Recipe 1: Getting Started with Egeria from the Command Line
In this first recipe we will walk through the steps needed to start up a basic Egeria server platform. We will do this in several parts:
Egeria is a powerful and sophisticated knowledge management environment that can help you to discover, document, analyze and manage a technical environment. Some people call this metadata management but what is metadata but data? Egeria can handle lots of different kinds of things - from data in files, databases and streaming events to machine learning models, reports; physical and software infrastructure reference data and glossaries. All of this can be stored in a distributed knowledge graph, be integrated with other tools and environments, and is distributed and federated. There are over 1000 types of objects that Egeria knows about - and more are added as needed. You can build super-sophisticated deployments with 100s of nodes running in one or more clouds - or you can run a basic deployment on your laptop - or even, perhaps a Raspberry Pi. There is a lot here - browse our web site at Egeria Project - Open metadata and governance for enterprises and see for yourself.
It can be confusing to figure out where to start - so here we are. These cookbook recipes are meant for those that want to get a feel for some of the basic, technical infrastructure of Egeria. How to get some very simple deployments running so that you can play with them. There are other starting points to walk you through more of the functional aspects - my favorite is the Jupyter Notebooks that walk through a number of scenarios for a fictitious company called Coco Pharmaceuticals. Instructions for running these labs can be found at Egeria Project - Open metadata and governance for enterprises - labs.
In this recipe we will help you get some simple configurations up and running - so that you can get a feel for the overall structure of Egeria and how it works. We will only scratch the surface - if there is interest, additional recipes can be created on particular topics.
So let's dive in!
What is Egeria?
Egeria is an application, mostly written in Java. It uses the Spring Boot framework which has some implications on configuring deployments that we'll get to. Aside from the user interfaces, most of the capabilities of Egeria are packaged as servers that run either as standalone Java processes or as part of what we call the OMAG (Open Metadata and Governance) Server Platform. There are a variety of OMAG server types and each is specialized to provide specific capabilities such as discovering, exchanging and storing metadata, executing user defined actions based on time or triggers, supporting user interfaces and, of course, providing a RESTful interface for users and other applications to call.
We can have one or more OMAG Server Platforms. The number of platforms we deploy depends on our technical and sometimes non-technical requirements. Technical drivers include scalability, availability, modularity, and ownership. Non-technical drivers include organizational boundaries, data sovereignty issues and multi-cloud needs. In this recipe, we will focus on deploying a single OMAG Server Platform, which is just a single JVM that we access with RESTful HTTP calls to a single Internet address. Any kind of client can be used to make these REST calls including cURL commands, python and Java.
One last thing before we dive in - Egeria can be configured in a lot of ways. Sometimes we will want Egeria to store metadata in its own repositories and sometimes we just want Egeria to broker the exchange of metadata between other systems. Egeria is often used to extend and enhance systems that you may have already deployed - it need not replace them. In reality, many organizations have deployed lots of different metadata tools for different purposes, yet they are not able to share hard-won knowledge between them - Egeria can help there too.
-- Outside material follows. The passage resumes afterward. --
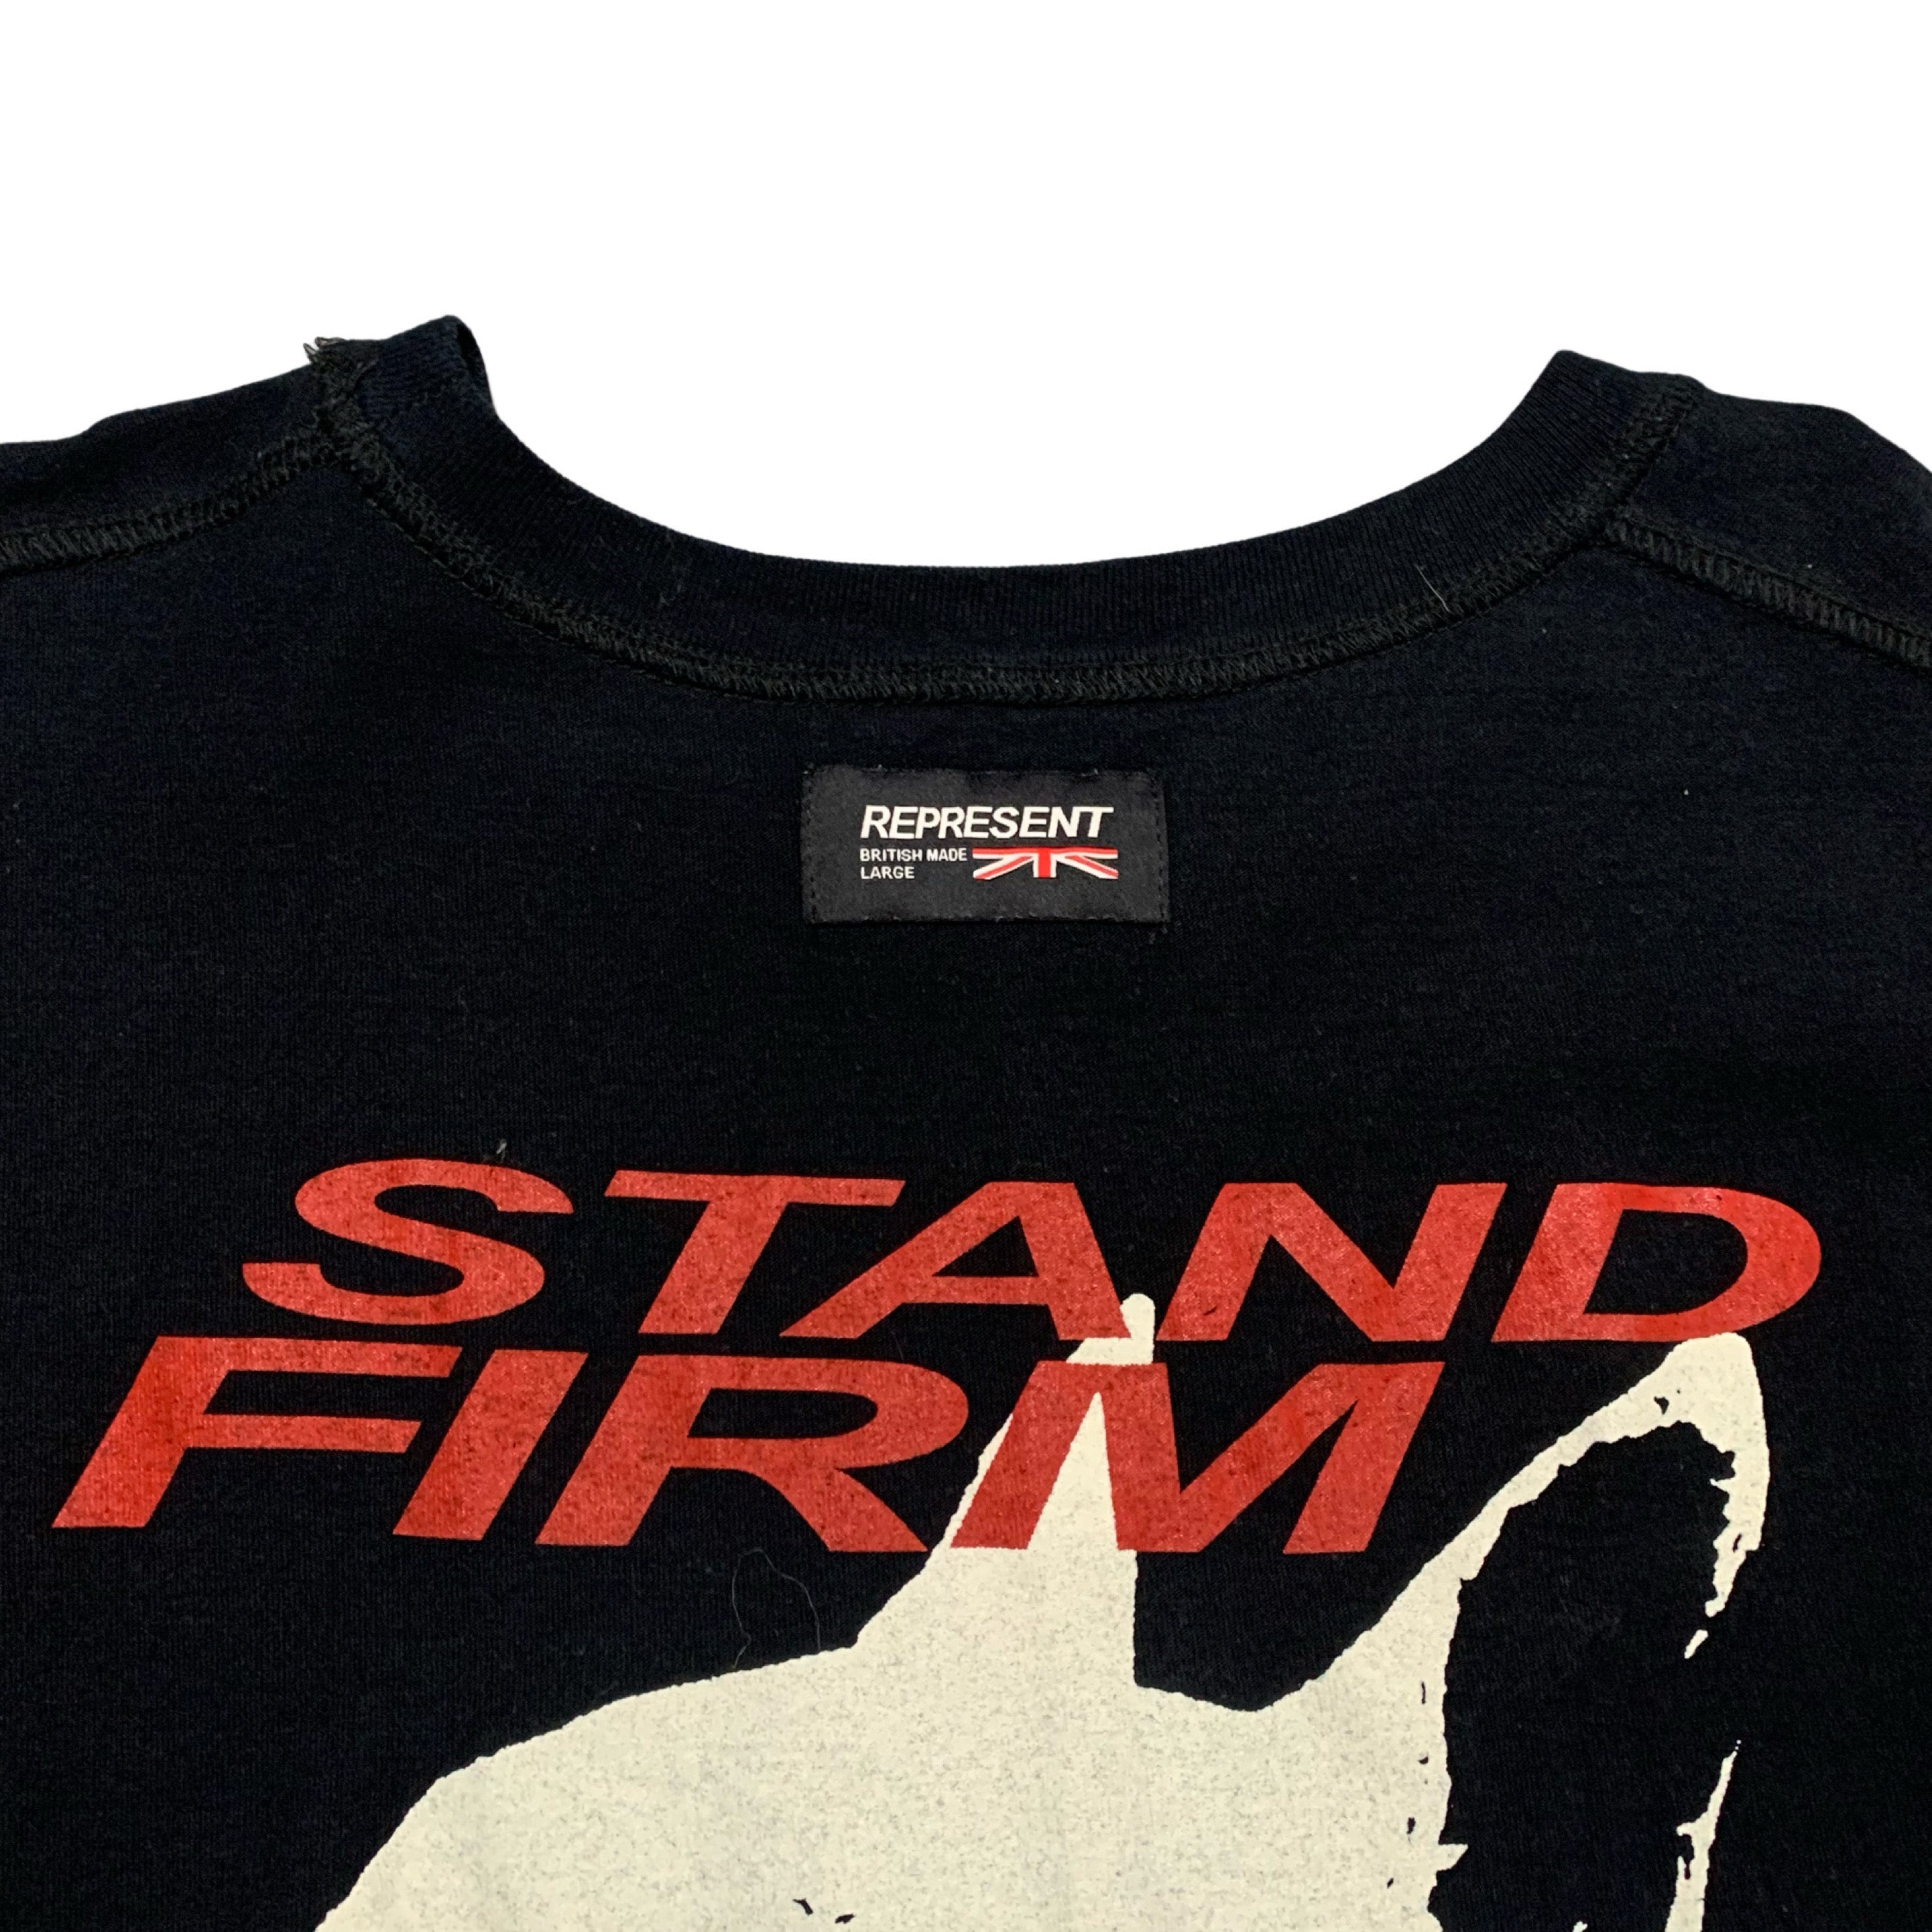 Represent Large Stand Firm Tour Black Tee

Ok, before we begin, we need a few things to get started:
A machine with a linux like operating system - the screenshots will be from a Mac running the latest version of OSX. I am also running on a couple of flavors of Linux. Some people have run on Windows but additional validation might be needed.
Java. In fact, Java 17. I've been trying some newer versions without issues so far but to be safe you should use Java 17. Here is a download link to a Java 17 JDK - https://adoptium.net/en-GB/temurin/releases/?os=mac&arch=arm&package=jdk&version=17
Tooling - your favorite text editor and a terminal window..
We'll do some fancier stuff in another recipe - this is pretty basic.. Ok, with that out of the way, let's go!
Starting the Egeria Server Platform from the Command Line
Step 1: Get Egeria
Press the link below to download an Egeria distribution that has been pre-compiled and trimmed down to decrease the size. In the process of trimming, many useful add-ons and utilities have been removed - but the core function remains untouched.
Step 2: Unpack and Explore
It is convenient to create a new directory and copy the downloaded file into it. As shown below, I've created a directory called egeria_sandbox and put the downloaded file into it:
Now we unzip the file and we see:
Let's explore the directory structure a bit. The screenshot above shows the folder structure of an Egeria distribution. A deeper explanation can be found in the discussion on Assemblies at Egeria Project -- Open metadata and governance for enterprises, but here is a quick tour.
At the top level we have some files that describe the distribution and can be useful for optionally creating a Docker image. There are three directories in this distribution:
platformdirectory includes all the files needed to run the platform (and a bit more).
etcdirectory has additional files and utilities that can be helpful when running the platform. (To save space, many of the reports and utilities have been removed from this distribution)
optdirectory has samples and other useful content that can be helpful when experimenting with Egeria. (The contents have also been trimmed)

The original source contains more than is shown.